Use the oxctl tool to collect useful stats or make other adjustments to a running oxd instance.

For example:

oxctl

Reporting

oxstash

oxstash is a tool that can ship blueox logs to a running elasticsearch cluster where it can be used with the tool Kibana to explore and generate reports and dashboards.

oxstash can be setup in a few ways.

The defaults are essentially:

$ oxstash -p blueox -n "*" -e "localhost:9200"

This would ship all logs from the local oxd instance to the elasticsearch node running on port 9200. These logs will be stored indexes named blueox-[YYYY.MM.DD] which is similiar to logstash's scheme.

You can also use oxstash to ship existing log files, by simply:

$ oxstash < requests.log

If you have logs that need particular filtering or manipulation, you can still use oxstash as part of your pipeline.

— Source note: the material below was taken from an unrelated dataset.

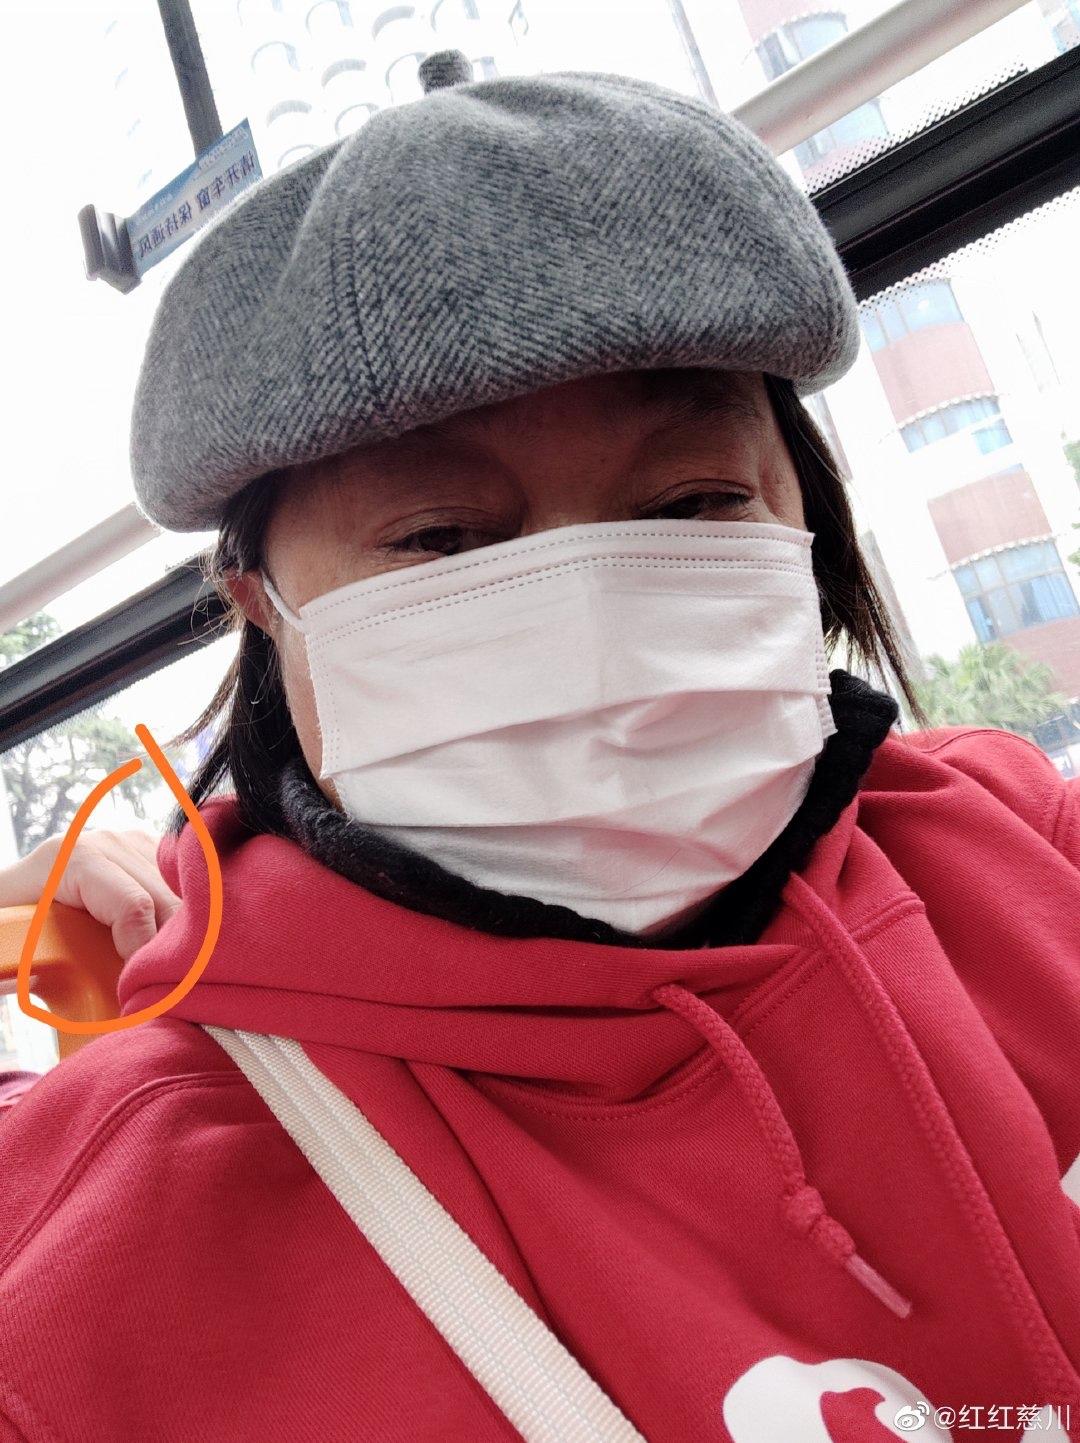 三五粉_图1-1

$ cat requests.log | python clean_requests.py | oxstash

clean_requests.py can be written to work over stdin or by connecting to a oxd instance by using tools provided in blueox.client

Development

Using the magic of Make, virtualenv and pip, setting up your development environment is a snap:

make dev

This will create a virtualenv in env directory. Running the tests is just a simple:

make test

Or if you are running individual tests, use testify directly:

testify -v tests

TODO List

  • Failure of the central collector is only recoverable if the oxd instance comes back on the same ip address. It would be nice to be able to live reconfigure through oxctl to point to a backup collector.
  • Debian packaging would probably be convinient.
  • Need more Real World data on what becomes a bottleneck first: CPU or Network. Adding options for compression would be pretty easy.
  • More examples of what to do with the data would make this project more compelling visually.